Three-Departmental Schema:
Kalecki announces his Marxian pedigree by subdividing the economy into three Departments; Department I producing investment goods, Department II producing consumption goods for capitalists and Department III producing consumption goods for workers. Suppose that in a certain period, the annual wage bill increases as a result of increasing wage rates. Let the pre-change wage bills in the first two Departments be denoted by wI and wII and the fraction by which wages change by α.
Thus the increment in the wage bill in the first two Departments is α(w1 + wII). Profits in these Departments decline correspondingly. However, the increment in the wage bill of these Departments means an equal rise in profits of Department III.
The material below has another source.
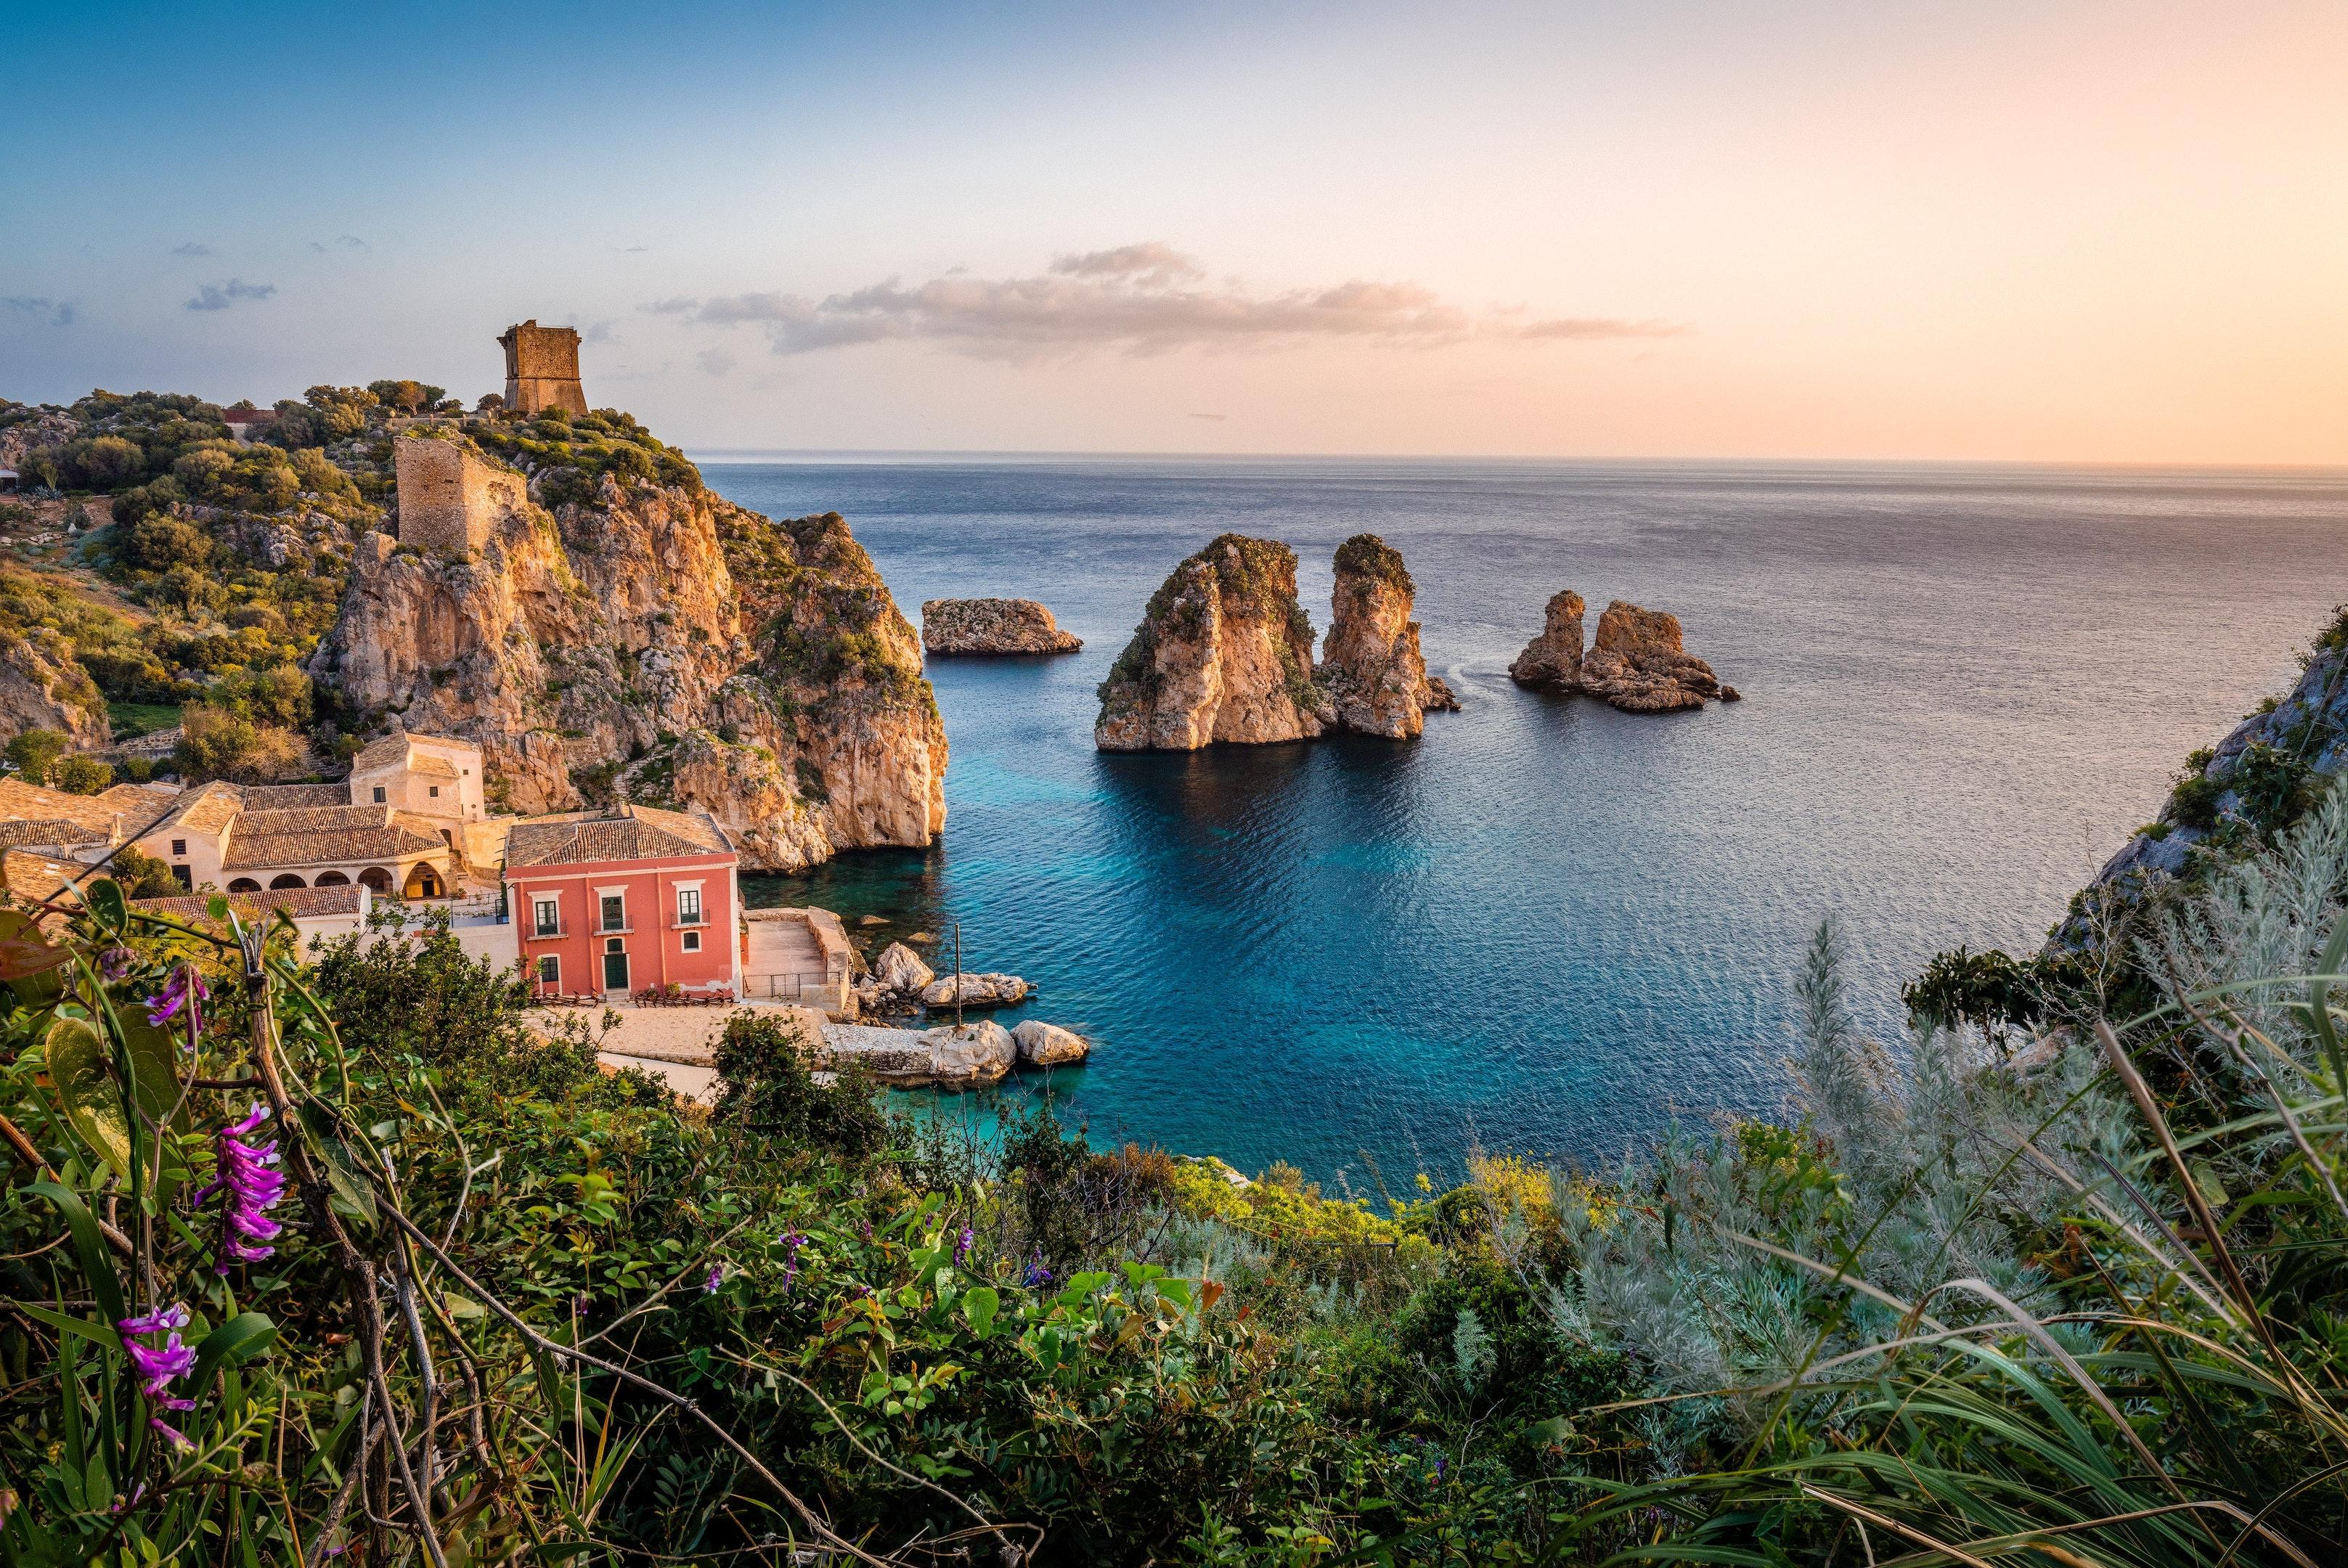 Ferienwohnung Wohnung mit 3 Schlafzimmern in Alcamo mit herrlichem Meerblick, eingezäuntem Garten und W- (2623785), Alcamo, Trapani, Sizilien, Italien, Bild 16

Either output or prices or both will rise there. Total profits remain unaltered. In the above framework the effect of a rise in wages is the rise in the prices of investment goods and capitalist consumption goods. Since the volume of capitalist investment and consumption is maintained in the short run, profits in the first two Departments rise by 1+α. The production and consumption of wage goods remain unchanged. As a result, profits in the third Department also rise by (1+α). Thus the volume of production in all three Departments remains unaltered while the value in each increases by (1+α).
Higher markups will encourage trade unions to bargain with their employers for higher wages since firms can 'afford' to pay them. If their demands are granted but other things remain the same, prices will also increase. A fresh round of demands for higher wages would emanate and a price-wage spiral would ensue. However, businessmen would be averse to making their goods more and more expensive. Thus, trade union power restrains the magnitude of markups. If working class action is powerful, a redistribution of national income from profits to wages could take place.
In our example, profits in Department III increase in the same proportion as wage rates. However, if there is a redistribution as a result of the reduction in markups there, the wage bill in the third Department increases more than the wage rates. There is a rise in output and employment there but not in the first two Departments.